Встречи наши, о которых вспоминает Короленко, происходили в 1896 году. Я тогда сотрудничал в ‘Русском богатстве’, журнале Михайловского и Короленко, бывал на четверговых собраниях сотрудников журнала в помещении редакции на Бассейном. Короленко в то время жил в Петербурге, на Песках, я жил в больнице в память Боткина, за Гончарною, возвращаться нам было по дороге, и часто мы, заговорившись, по нескольку раз провожали друг друга до ворот и поворачивали обратно.
Беседы, долгие и горячие, шли о марксизме. Тема в то время была самая боевая, ‘Русское богатство’ занимало по отношению к марксизму весьма враждебную позицию, а я уже был марксистом. Вскоре я из-за этого ушел из ‘Русского богатства’, при весьма враждебном ко мне отношении Н. К. Михайловского и других руководителей журнала. У Короленко ни тени не было этой враждебности. Он возражал, выспрашивал, и, видимо, ему было важно одно: понять психологию этого совершенно ему непонятного нового революционного течения. Живые молодые силы толпами уходят в ряды приверженцев этого течения. Товарищи Короленко по журналу оценивали этих приверженцев как оголтелых людей, забывших о ‘заветах’ и отказывающихся от революционного ‘наследства’. Жизненное художественное чутье Короленко говорило ему, что тут — ‘опять вера в жизнь и веяние живого духа’. Вспоминая о впечатлении, произведенном на него одним из первых русских легальных марксистов, Н. В. Водовозовым, Короленко в некрологе его писал в 1896 году: ‘Хочется верить, что родина наша не оскудела еще молодыми силами, идущими на свою очередную смену поколений для трудной работы, намеченной лучшими силами поколений предыдущих’.
Помню Короленко и его споры о марксизме и в последующие годы. В то время как другие сотрудники ‘Русского богатства’ с раскольничьею нетерпимостью сторонились марксистов и избегали с ними частных, не публично-боевых встреч, Короленко и его друг Н. Ф. Анненский, напротив, пользовались всяким случаем, чтобы поговорить и поспорить с марксистами, и очень часто их можно было встретить на журфиксах М. И. Туган-Барановского, где собирались все тогдашние представители легального марксизма — П. Б. Струве, В. Я. Богучарский, П. П. Маслов, М. П. Неведомский, А. М. Калмыкова и др. Умница он был, Владимир Галактионович, доводы его били в самые больные точки, и не раз специалисты по общественным и экономическим вопросам пасовали перед возражениями дилетанта-беллетриста.
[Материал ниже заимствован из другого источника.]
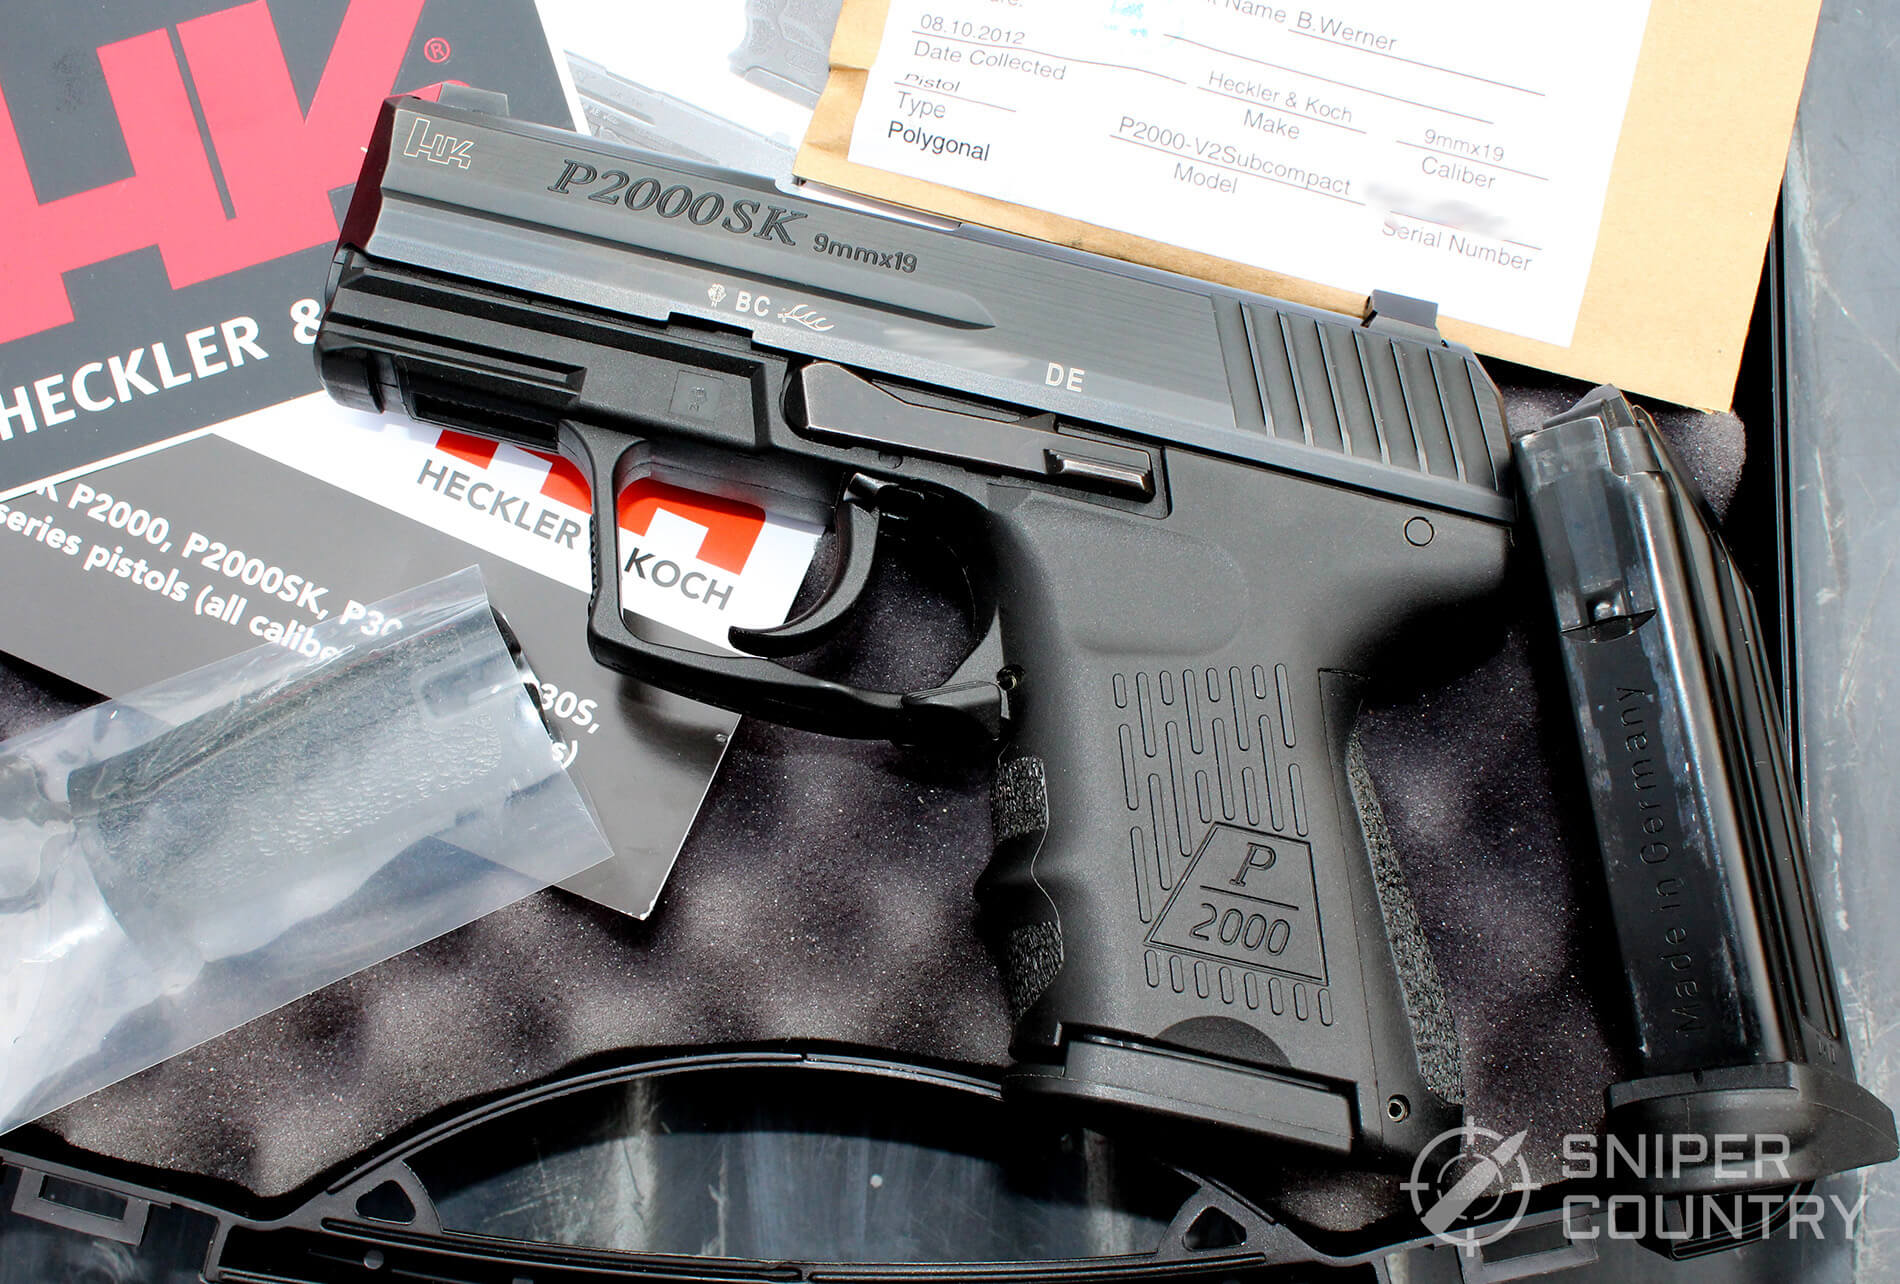 Heckler & Koch USP: A pistol with probably the best ergonomics of

Манера говорить у них была разная: Анненский говорил быстро, страстно, захлебываясь, Короленко — медлительно, спокойно, никогда не теряя самообладания, глаза смотрят внимательно, и в глубине их горит мягкий юмористический, смеющийся огонек. Сам — приземистый, коротконогий, с огромною курчавою головою, на которую он никогда не мог найти в магазине шляпы впору,— приходилось делать на заказ.
Рассказывали, что в редакции ‘Русского богатства’ очень косились на Короленко с Анненский за их общение с филистимлянами.
Из записей моих того времени:
29 февраля 1896 г.
Мы возвращались вечером из редакции ‘Русского богатства’ с В. Г. Короленко и В. Л. Серошевским. Заговорил с Короленко по вопросу: насколько вправе беллетрист выводить в своих рассказах живых людей? В общем ведь в большинстве случаев происходит так: центральные лица представляют некоторое обобщение, определенного объекта в жизни не имеют, лица же второстепенные в подавляющем большинстве являются портретами живых людей, которым, однако, автор приписывает то, чего эти люди в жизни не совершали. Все их узнают, получается жестокая обида. А как обойтись без этого? Ведь кругом нас, куда ни взгляни, живьем ходят чудеснейшие типы, что-нибудь изменять в них — только портить.
Короленко: наблюдений, конечно, неоткуда черпать, как не из жизни, нужно стараться изображать не единичного человека, а тип, совершенно недопустимо делать так, как делают Боборыкин или Иероним Ясинский,— сажать герою бородавку именно на правую щеку, чтоб никакого уж не могло быть сомнения, кто выведен. Но общего правила дать тут нельзя, в каждом случае приходится сообразоваться с обстоятельствами.
— Были случаи, когда я совершенно не стеснялся выводить живых людей и даже желал, чтоб их узнали. Например, то, что рассказано в очерке ‘Ат-Даван’,— истинное происшествие, настоящая фамилия Арабина — Алабин. Я сначала даже прямо хотел его вывести под настоящей фамилией. Посылал я об описанном факте корреспонденции — ни одна газета не решилась напечатать. Тогда я прибег к форме беллетристического рассказа. Этот Алабин теперь умер. Последнее время он жил в Петербурге. Когда ‘Ат-Даван’ был напечатан, он явился в редакцию ‘Русского богатства’, кричал, выхватывал шашку, требовал моего адреса, чтоб меня убить.— Жаль, что не сообщили ему,— с улыбкою сказал Короленко.— Интересно было бы встретиться!.. Единственное, что я мог бы тут сделать,— это предложить ему исправить в рассказе фамилию и напечатать ее в подлинном виде. Алабин, между прочим, говорил в редакции: ‘Человека я убил, это верно, а прогоны я всегда платил, это Короленко врет!’ Он сам помещал рассказы в иллюстрированных изданиях…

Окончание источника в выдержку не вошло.